Introduction
Neurotransmitters are chemicals that
transmit messages from one nerve cell (neuron) to another. The nerve impulse
travels from the first nerve cell through the axon- a single smooth body
arising from the nerve cell- to the axon
terminal and the synaptic knobs. Each synaptic knob communicates with a
dendrite or cell body of another neuron, and the synaptic knobs contain
neurovesicles that store and release neurotransmitters. The synapse lies
between the synaptic knob and the next cell. For the impulse to continue
traveling across the synapse to reach the next cell, the synaptic knobs release
the neurotransmitter into that space, and the next nerve cell is stimulated to
pick up the impulse and continue it.
Definition
Neurotransmitters are chemicals that
convey information, contained within action potentials, across synaptic clefts
to neighboring target cells [Murphy and Deutsch, 1991].
Neurotransmitters are stored in
small vesicles in the axon terminals of neurons. When the action potential, or
electrical impulse, reaches this point, the neurotransmitters are released from
the vesicles. They cross the synaptic cleft, and bind with receptor sites on
the cell body or dendrites of the adjacent neurons to allow the impulse to
continue its course, or to prevent the impulse from continuing.
Neurotransmitters: Nerve Cell
Chemical Functioning
Many new advances in the
understanding and treatment of psychiatric disorders are related to increased
understanding of neurotransmitters. As the depolarization of neuron reaches the
synapse, the stimuli transfer from an intracellular electrical signal to
extracellular chemical signal. Therefore medications that used to treat
psychiatric disorders operate in around the synaptic cleft and have action at
the neurotransmitter level. Once a neurotransmitter has done its job by
transferring a stimulus to an adjacent neuron, the chemical messenger is
removed from the synaptic area by one of three naturally occurring processes:
l. The neurotransmitter leaves the
area through natural diffusion of a substance from an area of high
concentration to one of low concentration.

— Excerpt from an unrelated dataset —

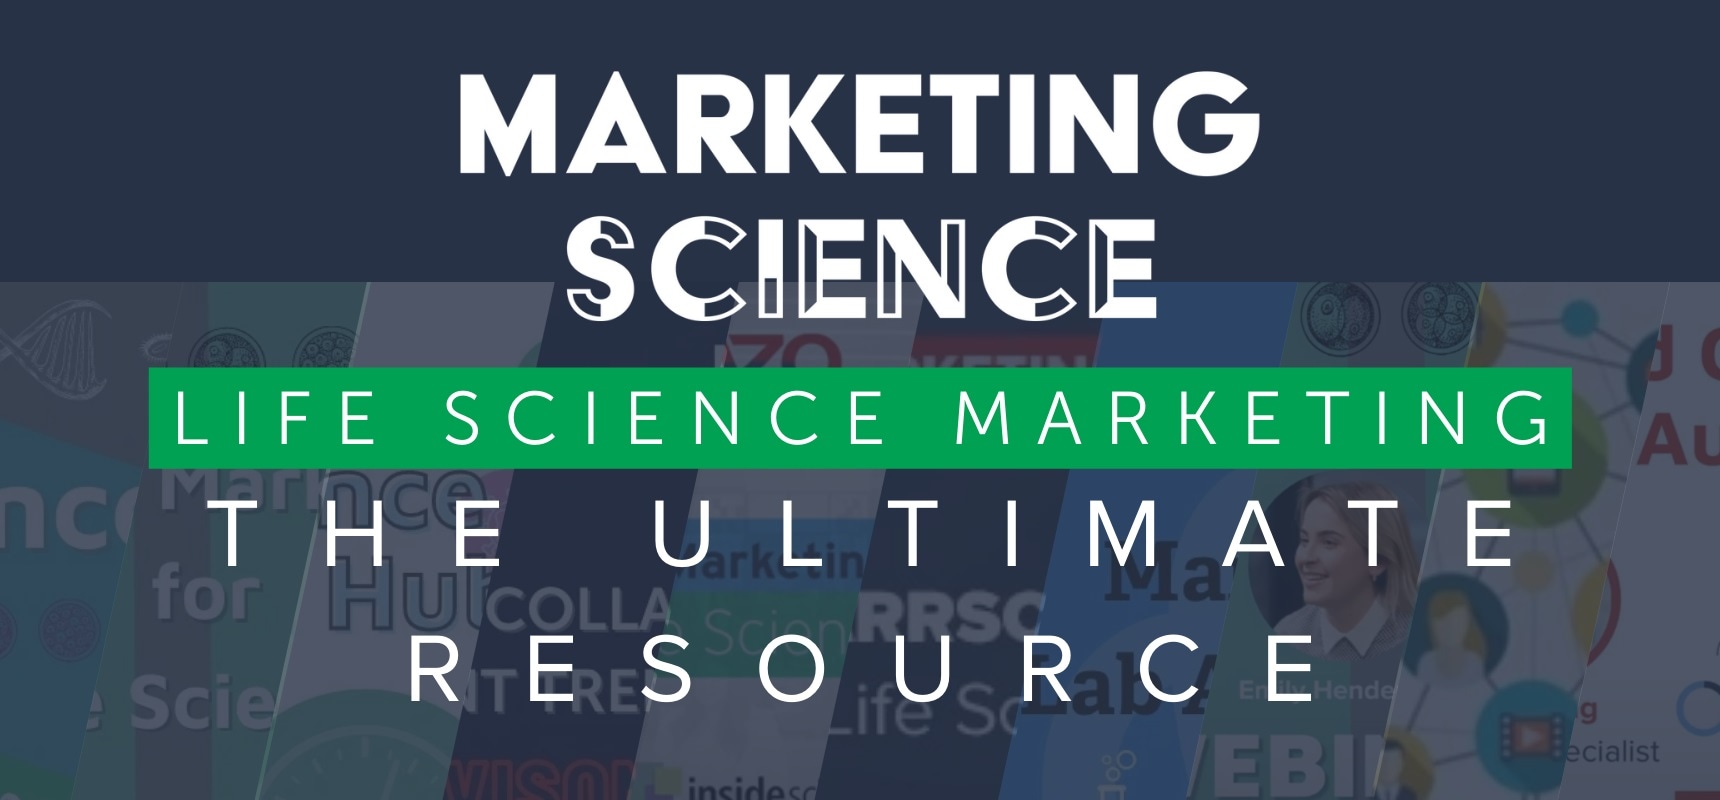 Life Science Marketing Guide Banner Image

2.The neurotransmitter can be broken
down by enzymatic degradation.
3.The neurotransmitter can undergo
reuptake and be transported back into storage in the presynaptic neuron.
Many medications used treat
psychiatric disorders involve these three mechanisms. The selective serotonin
reuptake inhibitor (SSRI) class of antidepressants works by influencing the
reuptake mechanism, whereas Monoamine Oxidase Inhibitors affect the degree of
enzyme degradation that occurs in the synaptic cleft.
Mechanism of impulse transmission
A nerve impulse travels through a
nerve in a long, slender cellular structure called an axon, and it eventually
reaches a structure called the presynaptic membrane, which contains
neurotransmitters to be released in a free space called the synaptic cleft. Freely
flowing neurotransmitter molecules are picked up by receptors (structures that
appear on cellular surfaces that pick up molecules that fit into them like a
"lock and key").
Types of neurotransmitters
Many neurotransmitters exist within
the central and peripheral nervous systems, but only a limited number have
implications for psychiatry. Major categories include
·
Cholinergics
·
Monoamines
·
Amino acids
·
Neuropeptides
Cholinergics:
·
Acetylcholine
Acetylcholine was the first chemical to be
identified and proven as a neurotransmitter (Kruk&Pycock, 1983).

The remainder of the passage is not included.